The real pity of it is that given the rate of catastrophic spills, as opposed to character adding stains, someday there won’t be any more of the one true haggadah—-the Maxwell House version.
Jokes aside, The Maxwell House Haggadah is one of the oldest examples of free ad-supported content decimating the market for quality content while expanding access. Everyone had MH's free Hagaddah, so most people never bothered to seek out an alternative that better suits their spiritual values, and probably turned off a segment of a generation of people from being interested in Passover and Judaism, but people who weren't going to pay ever still got something to sustain their Jewish practice. All this beyond the fundamental tackiness of a major religious artifact having corporate branding.

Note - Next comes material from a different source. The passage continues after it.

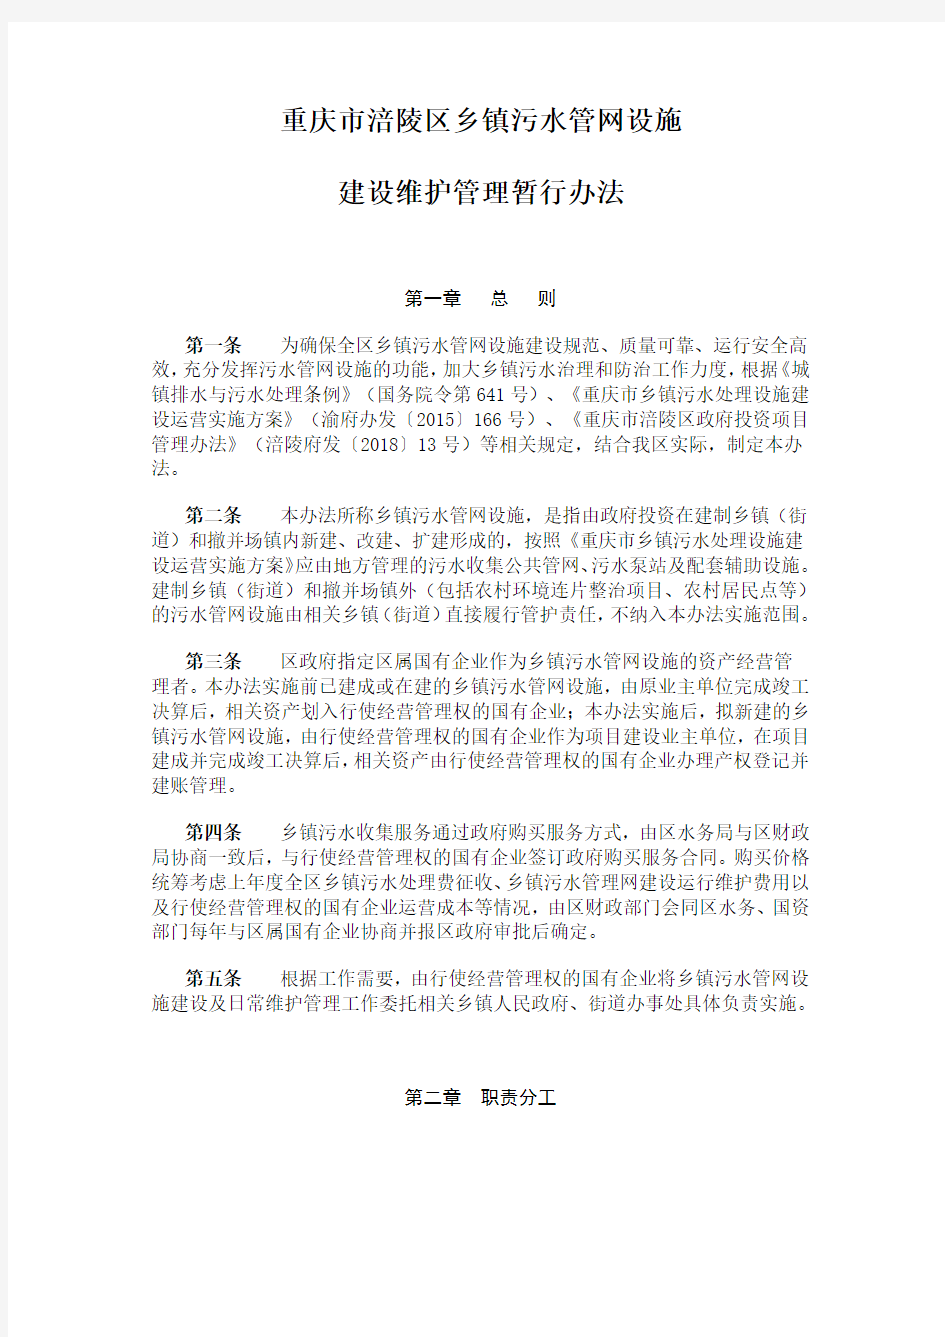 重庆市涪陵区乡镇污水管网设施建设维护管理暂行办法

I was playing the original comments for laughs, but the MH haggadah is want I want out of a haggadah and am I fairly sad that it or something nearly identical doesn't exist anymore.
I don't want huge swaths cut out; I like the archaic English (the Hebrew is archaic); I don't want little asides about how the story of the exodus rings true today because it's just like the Jews stuck behind the iron curtain or apartheid South Africa or oppressed racial minorities in the US.

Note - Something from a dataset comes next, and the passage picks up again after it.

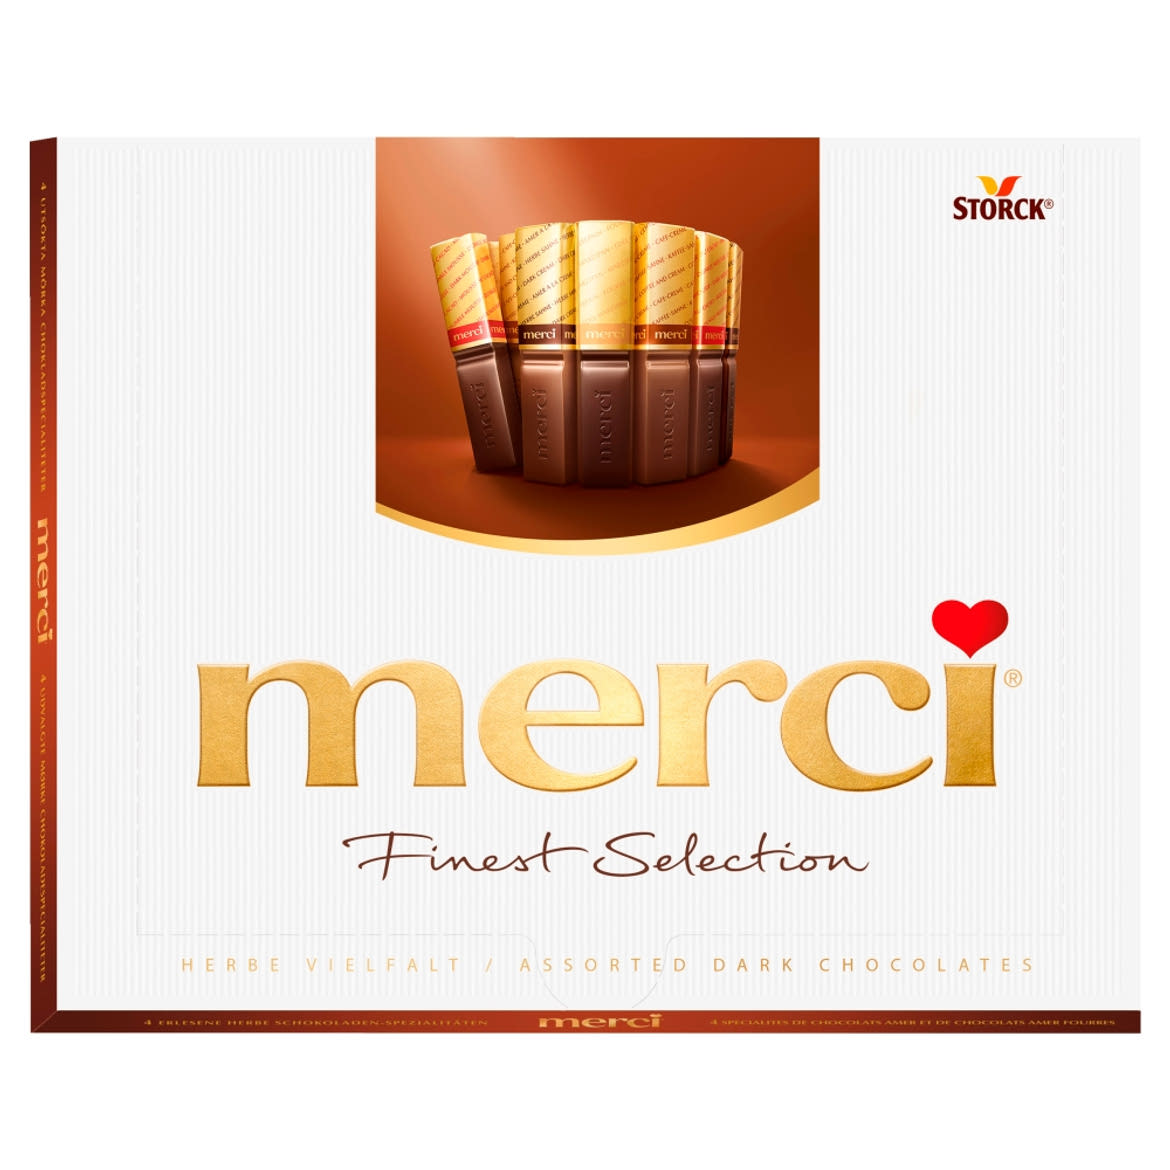 Merci Finest Selection 4 étcsokoládé-különlegesség

I just want more or less the same haggadah that my ancestors used with a translation so I can follow along in a language I understand. If we aren't getting a lot of value out of a discussion of how and an extra comma means one hundred plagues at the red sea, we can choose to skip that part ourselves.
This is the primary culprit in my experience and is what is responsible for the small, pea sized stains as it never seems to want to stay together precisely as you're transporting it to your plate.